Studio album by INXS
- Released: 1 November 1993
- Recorded: November 1992 – October 1993
- Studio: Capri Digital Studios, Capri
- Genre: Rock
- Length: 39:51
- Label: EastWest
- Producer: Mark Opitz, INXS

INXS chronology
| Welcome to Wherever You Are (1992) | Full Moon, Dirty Hearts (1993) | The Greatest Hits (1994) |

Singles from Full Moon, Dirty Hearts
- "The Gift" Released: 1 October 1993; "Please (You Got That ...)" Released: 15 November 1993; "Time" Released: 24 January 1994; "Freedom Deep" Released: 18 April 1994;

= Full Moon, Dirty Hearts =

Full Moon, Dirty Hearts is the ninth studio album by Australian rock band INXS. It was released on 2 November 1993, through East West Records in Australia, in the United Kingdom by Phonogram's Mercury Records label, and by Atlantic Records in the United States. The album drew mixed reviews, and sold less than previous works. The straight-ahead rock sound of the album was compared to the Rolling Stones by several reviewers, especially with reference to their 1972 album Exile on Main St., seen as a return to basics. Full Moon, Dirty Hearts was followed by the Dirty Honeymoon world tour of 1993–1994.
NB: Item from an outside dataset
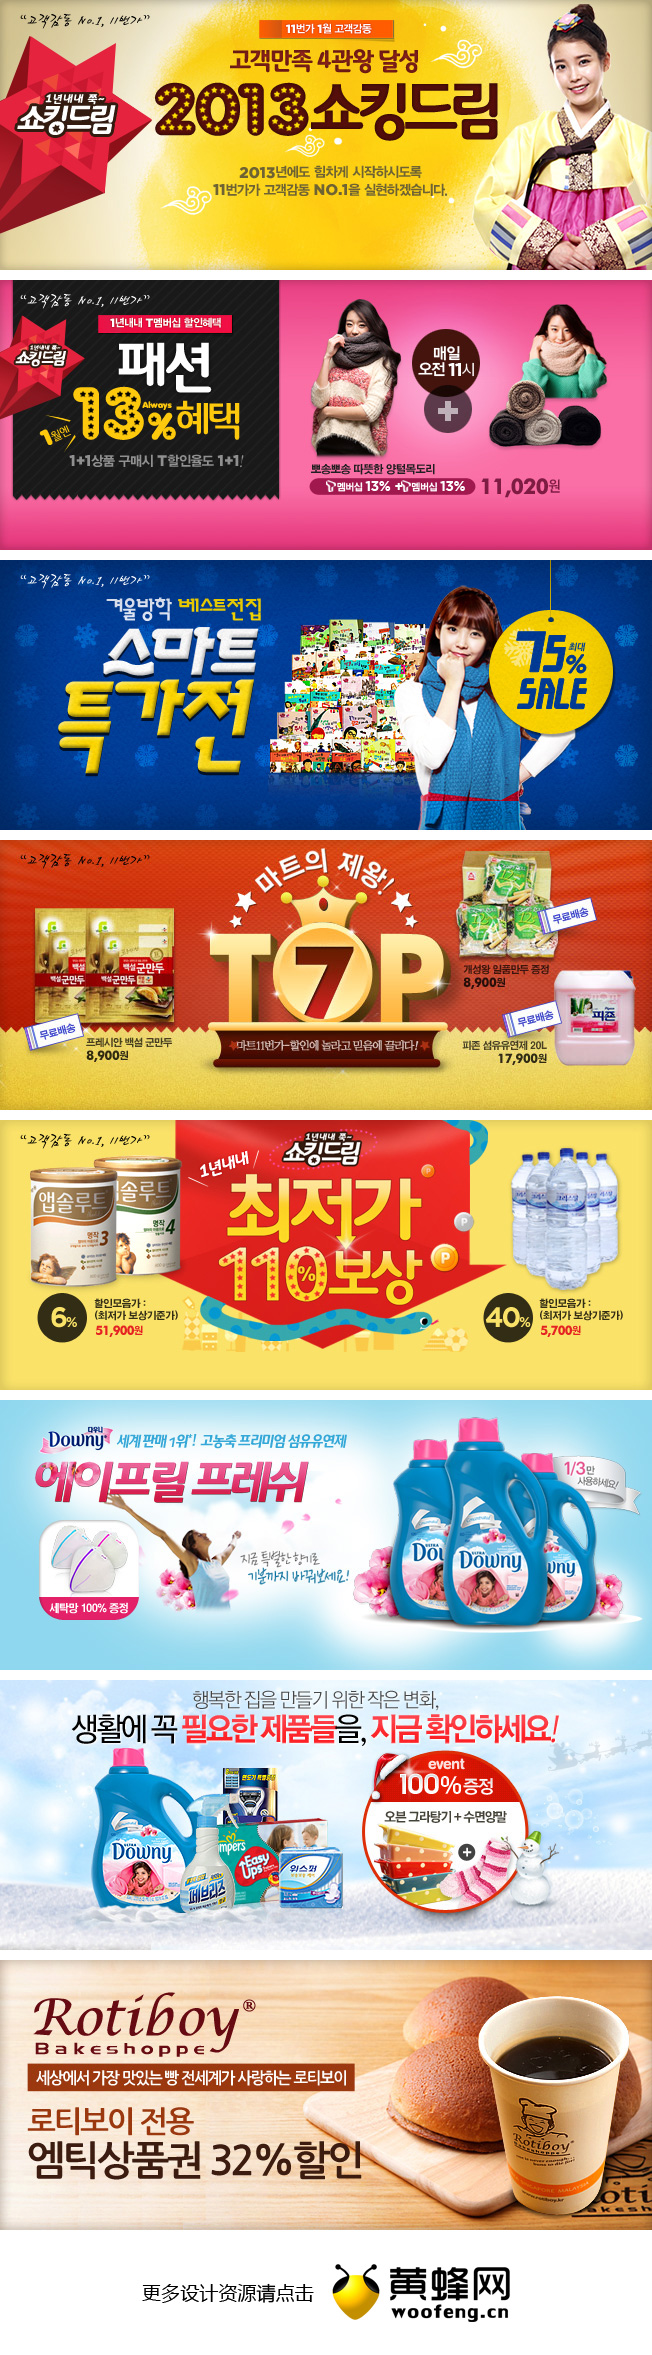 韩国购物网站促销广告banner设计欣赏0102
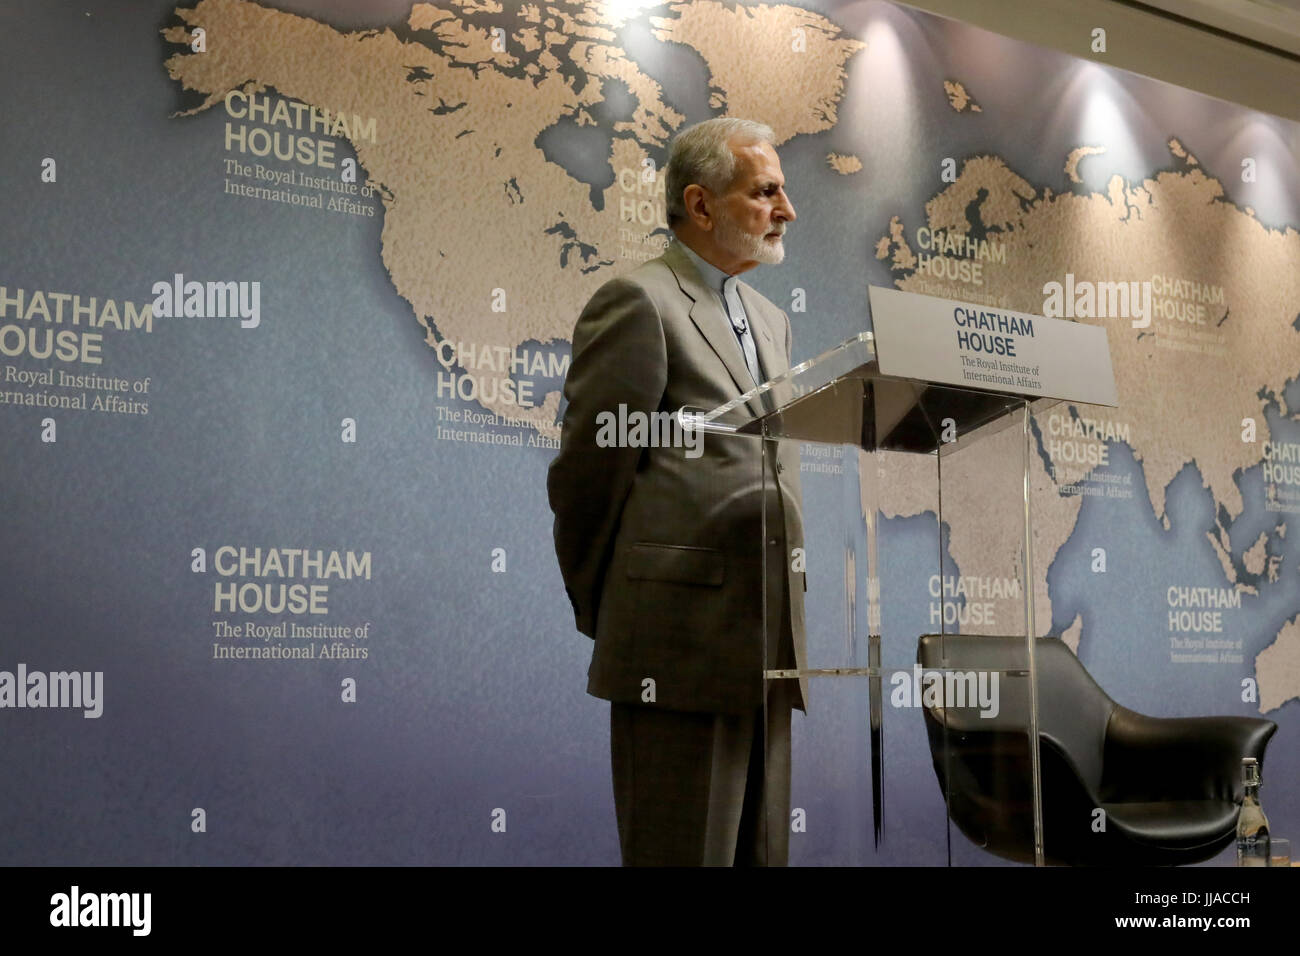 Londres, Reino Unido. 19 Jul, 2017. El Dr. Kamal Kharrazi, ex Ministro de Relaciones Exteriores iraní, hablando en Chatham House, el 19 de julio de 2017. Crédito: Dominic Dudley/Alamy Live News Foto de stock

"Please (You Got That ...)" featured vocals by Ray Charles and was released as a single. The title track featured vocals by the Pretenders lead singer, Chrissie Hynde.

The band's manager, Chris Murphy, arranged to shoot videos for every song on the album. Twelve videos were shot on a small budget by twelve up-and-coming Australian directors.

The Japanese edition of the album included a cover of Steppenwolf's "Born to Be Wild", which was specially recorded for the April 1993 launch of Virgin Radio in the UK.

==Background==
As INXS were finishing their previous studio album Welcome to Wherever You Are, they decided not to tour; instead the group recorded a follow-up album, then toured for both albums.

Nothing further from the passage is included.